Doctorow’s cheery depiction of homelessness and a no-strings attached life is as much a romanticised ideal as Trent’s hope for a world where creativity comes without constraint, and it’s best to look beyond the unreachable irritating coolness of our protagonist’s laissez-fair chums and more at Doctorow’s impressive coding of the world around them.

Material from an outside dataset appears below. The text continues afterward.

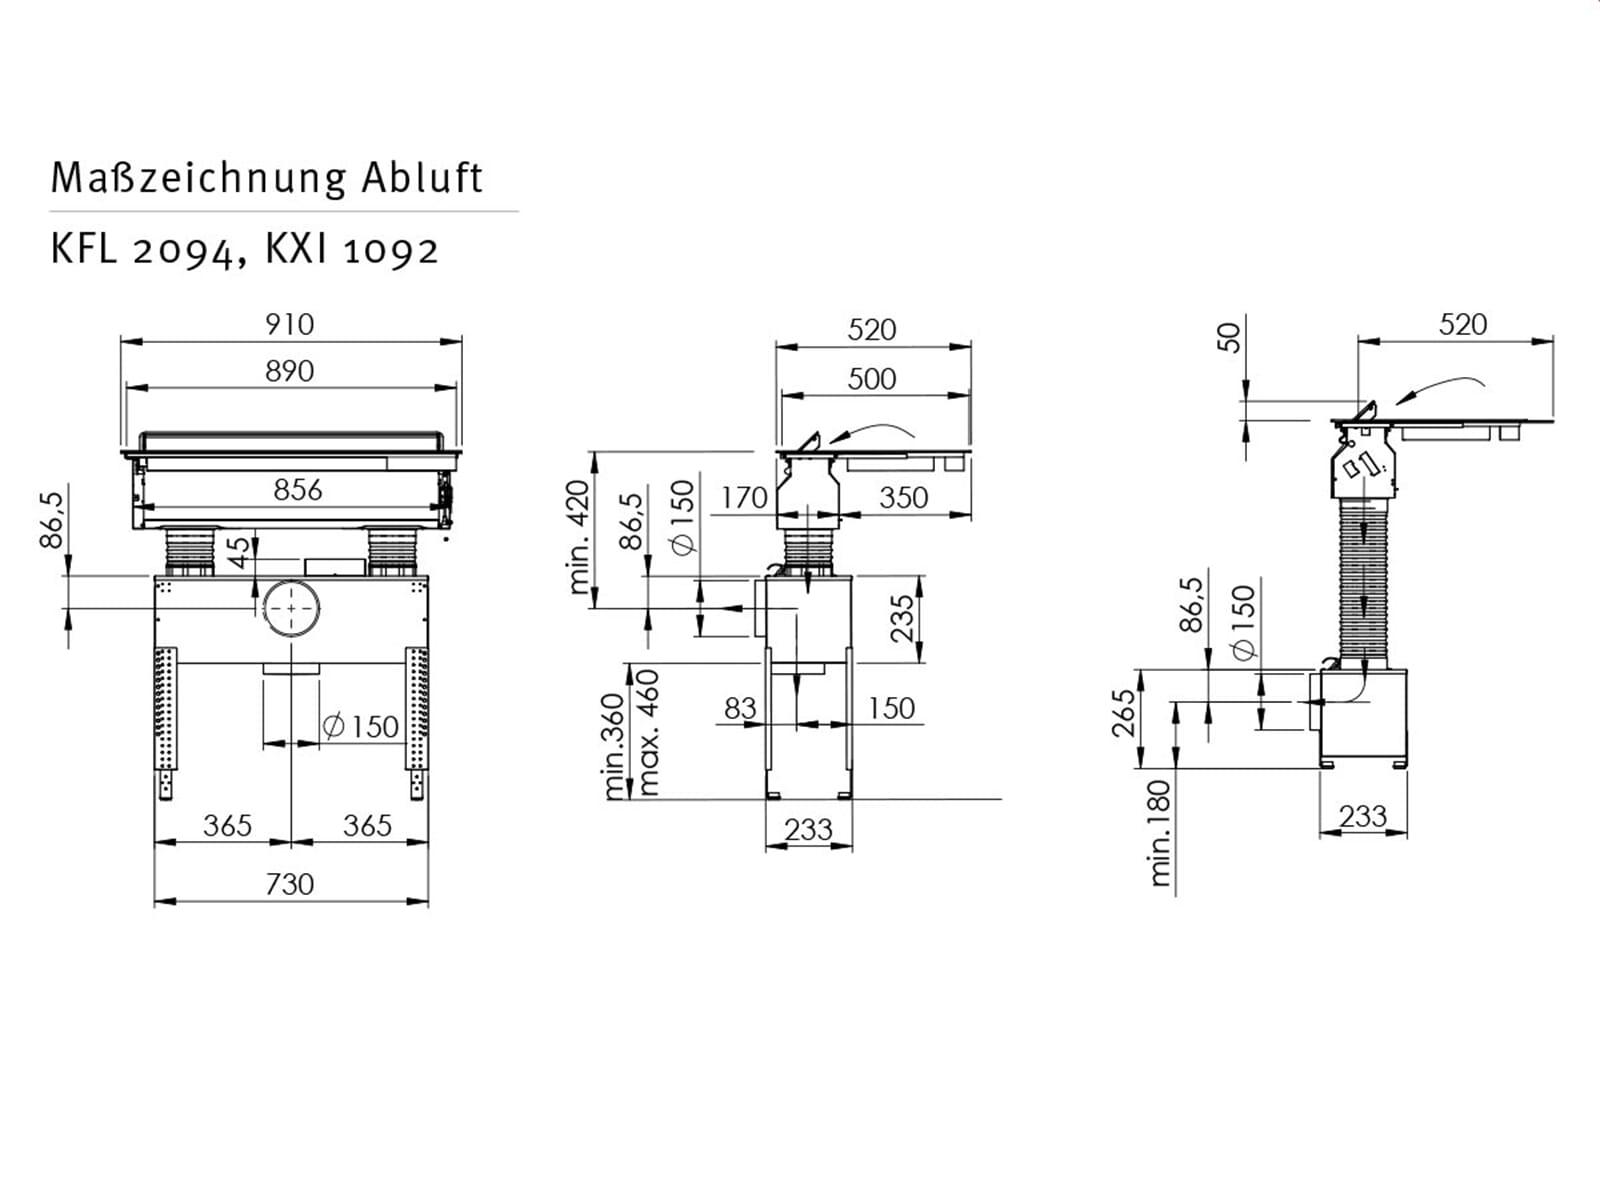 oranier kfl 2094 209455 induktionskochfeld dunstabzug kombi kochfeldabzug ebay. Black Bedroom Furniture Sets. Home Design Ideas

The UK feels like it’s on the brink of dystopia – one angry caps-locked email away from a cyberspace 1984 – and yet it’s plain to see that this is our own soggy country, just one step into the future. It’s an uncomfortably close vision. A Britain soaked by Wi-Fi signals as much as rain, and an Orwellian eye on the internet that seems almost tame in comparison to the recent PRISM intel gathering revelations. All it’s lacking is the Google Glass beneath the anti-mosquito laser hats.
It’s either blindingly fortuitous timing, or proof of Cory Doctorow’s uncanny prescience, but Pirate Cinema couldn’t be released at a more appropriate time, as the storm over Internet rights and privacy rages at close to Category 5 levels of user fury. More than a timely story, it’s also a throughly entertaining summer read. So long as you can tear yourself away from your computer.
Published on Friday 14 June 2013 by Titan Books.